– И все равно, вы мне нравитесь, – сказал Яков, – вы говорили, что вам негде жить?
– А что, вы можете решить мои проблемы?
Мимо прошла симпатичная пухленькая сестра милосердия. Новенькая, работает всего месяц. Когда она появилась впервые, Юлиан Мюри еще не вставал и нуждался в ее помощи. Тогда над его койкой висел портрет модной негритянской певицы. Сестра – ее звали Мери – стала рассказывать Юлиану Мюри о той певице что-то интересное. Сейчас он ничего не помнил из ее рассказов. Потом Мери стала вести себя совершенно недвусмысленно. Бедняга, она постоянно краснела, она не была избалована вниманием мужчин. Бывали дни, когда Юлиану Мюри и самому хотелось развеять скуку, но он не представлял себя в виде Дон Жуана на костылях и с обожженным боком. В другой обстановке он бы не упустил возможности – он бы съел бедную Мери, не поперхнувшись. Когда сестра надоела ему, он сказал ей все, что о ней думает. Мери разревелась и назвала его по-непечатному, но прибавила, что все равно его любит. С тех пор они не разговаривали, не считая тех случаев, когда Мери робко пыталась восстановить отношения. В ней было что-то жалкое. Сейчас Мери прошла напряженной походкой, не поворачивая головы.
– А что, вы можете решить мои проблемы? – спросил Юлиан Мюри.
– Если вы не откажетесь, – сказал Яков.
– Заранее обещаю, что не откажусь. Итак, что вы мне предложите?
– Я хочу, чтобы мы с вами стали друзьями. Если вам некуда спешить, то я приглашаю вас к себе в гости. Вы можете жить у меня, сколько захотите.

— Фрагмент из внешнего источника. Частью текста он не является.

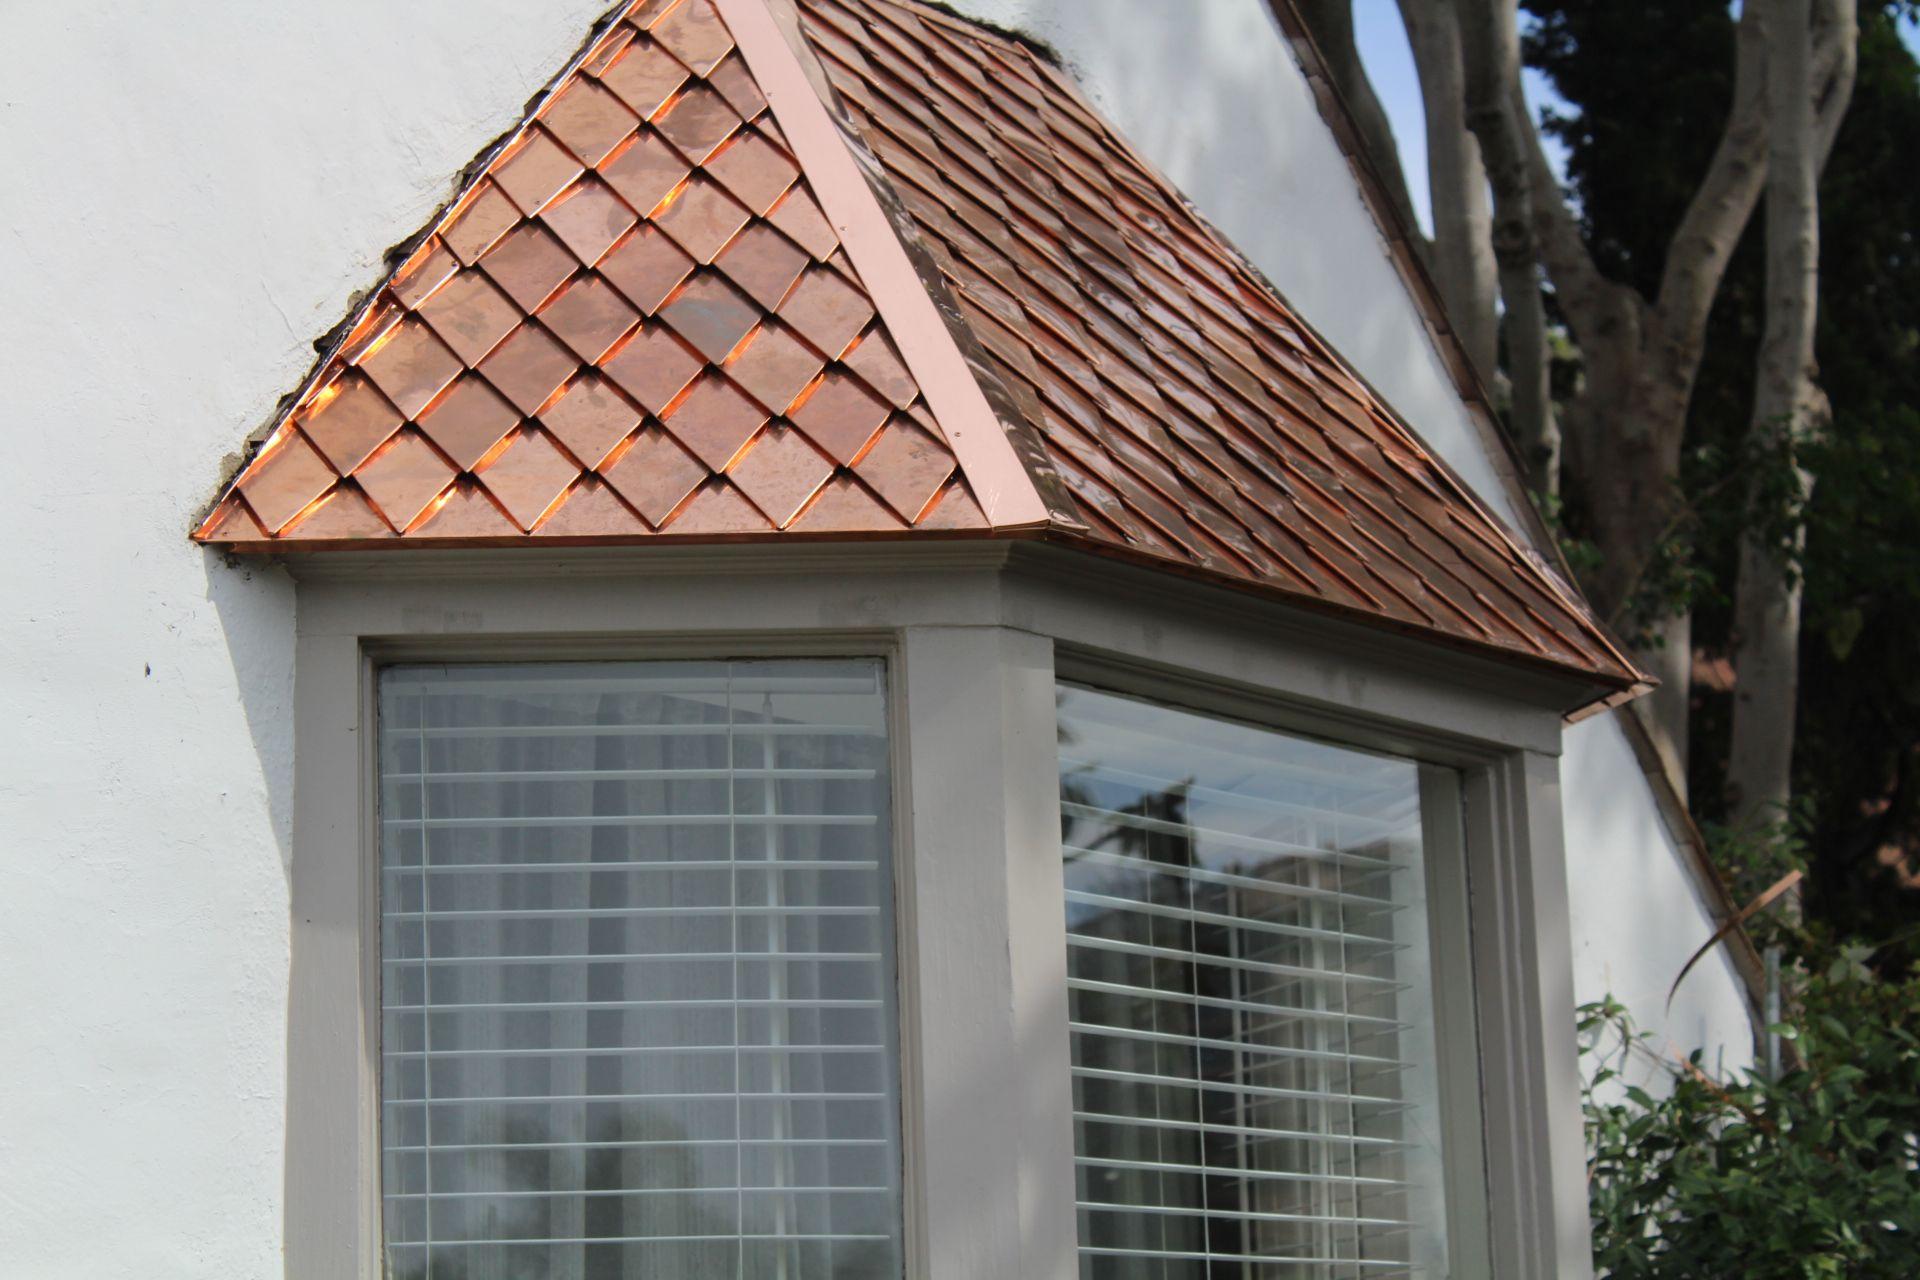 Diamond Shingle Bay Window Roof Copper Roof House Metal Roof Houses Metal Roof

Я живу с женой, детей у нас нет, в доме спокойно. Если вам не понравится, вы всегда сможете уехать.
Всегда, как бы не так, подумал Юлиан Мюри, куда бы это я смог уехать, не имея ни гроша в кармане?

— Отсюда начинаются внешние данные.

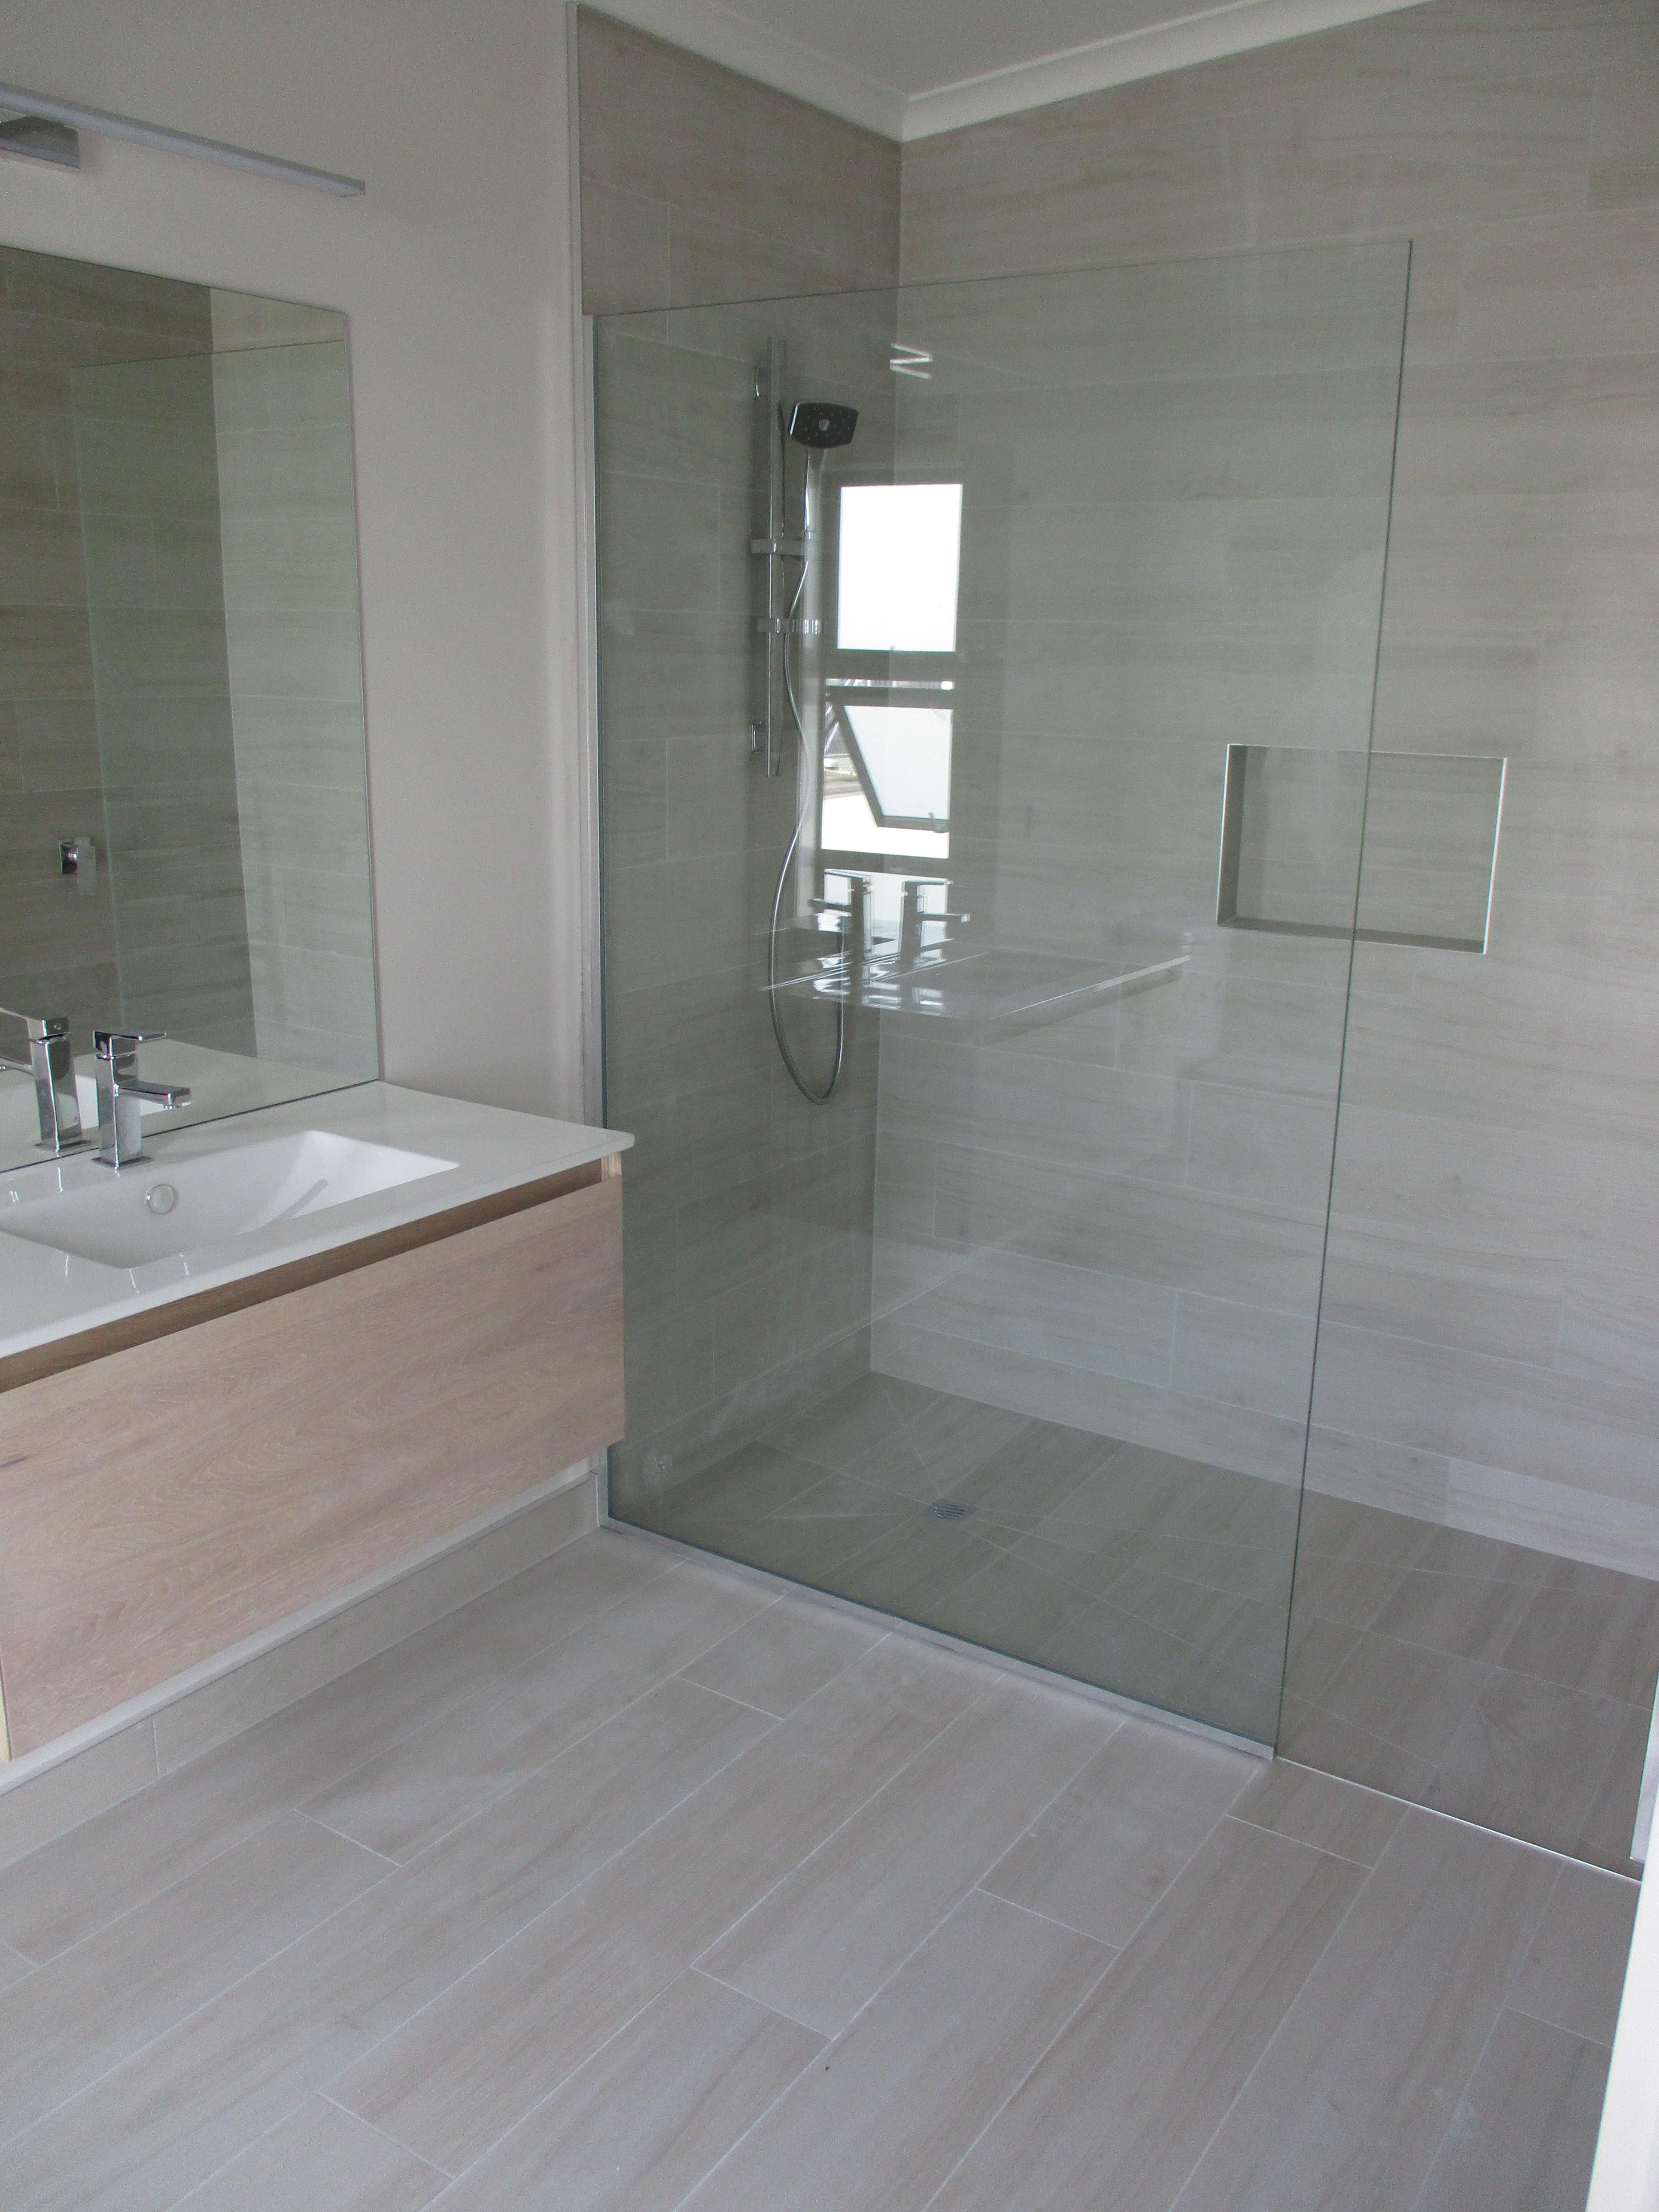 Timber look floor to ceiling bathroom Tile used Drift

– Заманчивое предложение, – сказал он, – но что вы хотите взамен? Большой дружбы я обещать не могу. Ничего ценного у меня нет. Вам нечем будет поживиться. Или вам велит опекать меня долг христианина?
– Считайте, что так, – ответил Яков.
2
Утро было хмурым и холодным. Низкое недоброе небо изредка выпускало из себя крупные снежные пушинки, не решаясь на настоящий снегопад. Юлиан Мюри провел в помещении три месяца и ему вдруг показалось, что он выходит на улицу впервые. Возможно, и впервые – ведь он почти родился заново. За ночь подморозило, и вчерашняя ледяная грязь застыла скользкими бугорками, на которые он никак не мог поставить ногу. Он не мог решиться идти по льду. Вчера у ворот разворачивался автомобиль, он оставил за собой след в виде плавного двойного полукруга, глубоко вдавленного в лед. Под мутной коркой льда виднелся обрывок красной рекламной листовки. Юлиан Мюри попробовал прочесть буквы, но не смог.
– Давайте я вам помогу, – сказала миссис Йеркс и взяла его под руку, – не стесняйтесь, ведь вам еще трудно ходить.
– Спасибо.
Миссис Йеркс, жена Якова, была лет на пятнадцать младше своего мужа. Не похоже, чтобы она вышла замуж из-за денег, хотя деньги тоже сыграли свою роль. Деньги всегда играют роль, точнее заставляют разыгрывать роли всех тех, у кого денег мало. Несколько раз Юлиан Мюри видел ее в клинике и наблюдал за ней, пытаясь определить, кто она такая. Миссис Йеркс была из тех женщин, истинная сущность которых неразличима при первой встрече.
При второй – тоже. С такими можно прожить вместе десять лет и не узнать о них ничего. Она двигалась и говорила просто и естественно, но казалось, что у нее под кожей броня – броня гибкая, мягкая и незаметная, но все же непробиваемая. Она всегда выглядела чуть-чуть печально, если не улыбалась. Но в ее улыбке печали не было, и Юлиан Мюри понимал, что это игра. Сейчас на ней было легкое серое пальто и вязаная шапочка, напоминающая спортивную. Миссис Йеркс была невысока ростом и круглолица. Когда она улыбалась, ее лицо светилось простотой, как у деревенской пастушки. Это тоже была игра.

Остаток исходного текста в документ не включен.